For the purposes hereof, an "affiliate'' is any person (including a corporation, partnership, trust, estate or individual) who directly, or indirectly through one or more intermediaries, controls, or is controlled by, or is under common control with, the person specified; "control" means the possession, directly or indirectly, of the power to direct or cause the direction of the management and policies of a person, whether through the ownership of voting securities, by contract or otherwise; and in computing the percentage of outstanding Common Stock beneficially owned by any person the shares outstanding and the shares owned shall be determined as of the record date fixed to determine the stockholders entitled to vote or express consent with respect to such proposal.
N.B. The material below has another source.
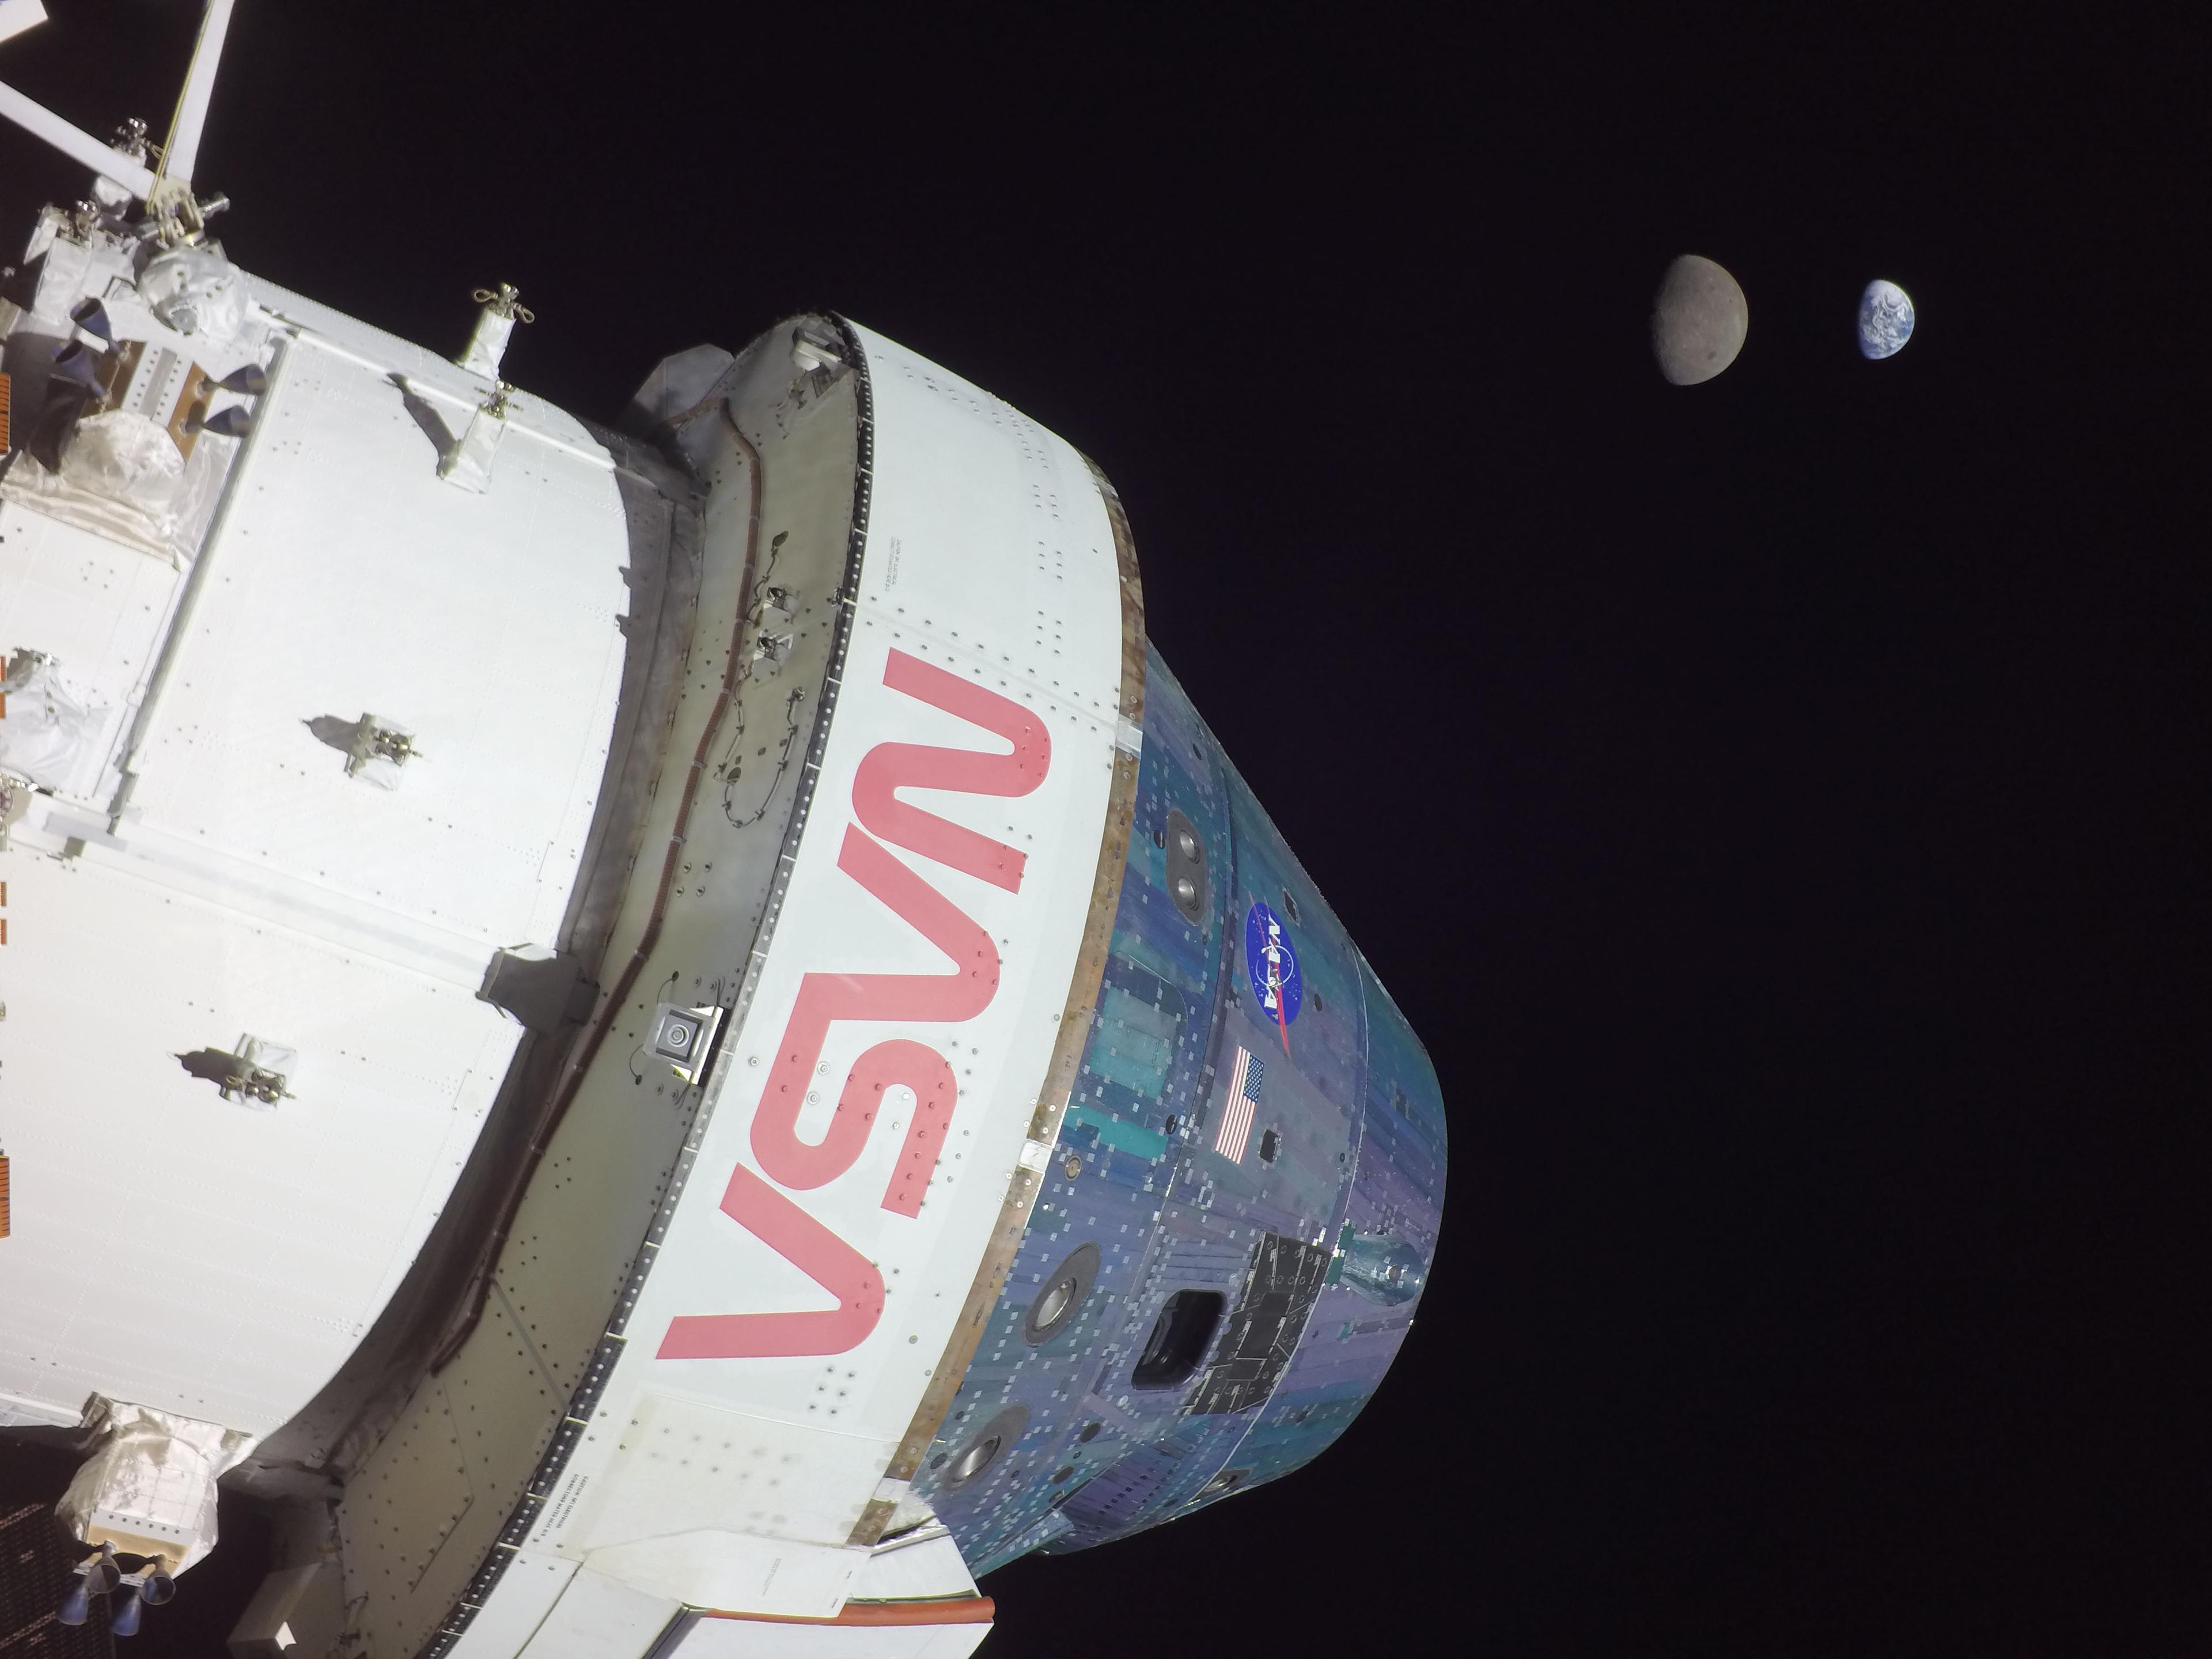 مركبة أورَيون تغطّي معظم الإطار بتفاصيل واضحة وعليها شعار ناسا، وفي البعيد يظهر القمر والأرض بطور الهلال الأحدب وبحجم ظاهري متقارب.

The shareholder vote, if any, required for mergers, consolidation, sales or exchanges of assets or issuances of stock or other securities not expressly provided for in this Article, shall be such as may be required by the Corporation Law. 

 

Section 5. Amendment of Articles of Incorporation. The Corporation reserves the right to increase or decrease the number of its authorized shares, or any class or series thereof, and to reclassify the same, and to amend, alter, change or repeal any provisions contained in these Articles of Incorporation or in any amendment hereto, or to add any provision to the Articles of Incorporation or to any amendment hereto, in the manner now or hereafter prescribed or permitted by the Corporation Law or any other applicable laws, and all rights and powers conferred upon shareholders in these Articles of Incorporation, or any amendment hereto, are granted subject to this reservation. Notwithstanding the foregoing, however, Article VII and Sections 3 and 4 of Article VIII hereof may not be amended or appealed in any respect unless such repeal or amendment is approved by the affirmative vote of three-fourths (3/4) of the outstanding shares of Common Stock.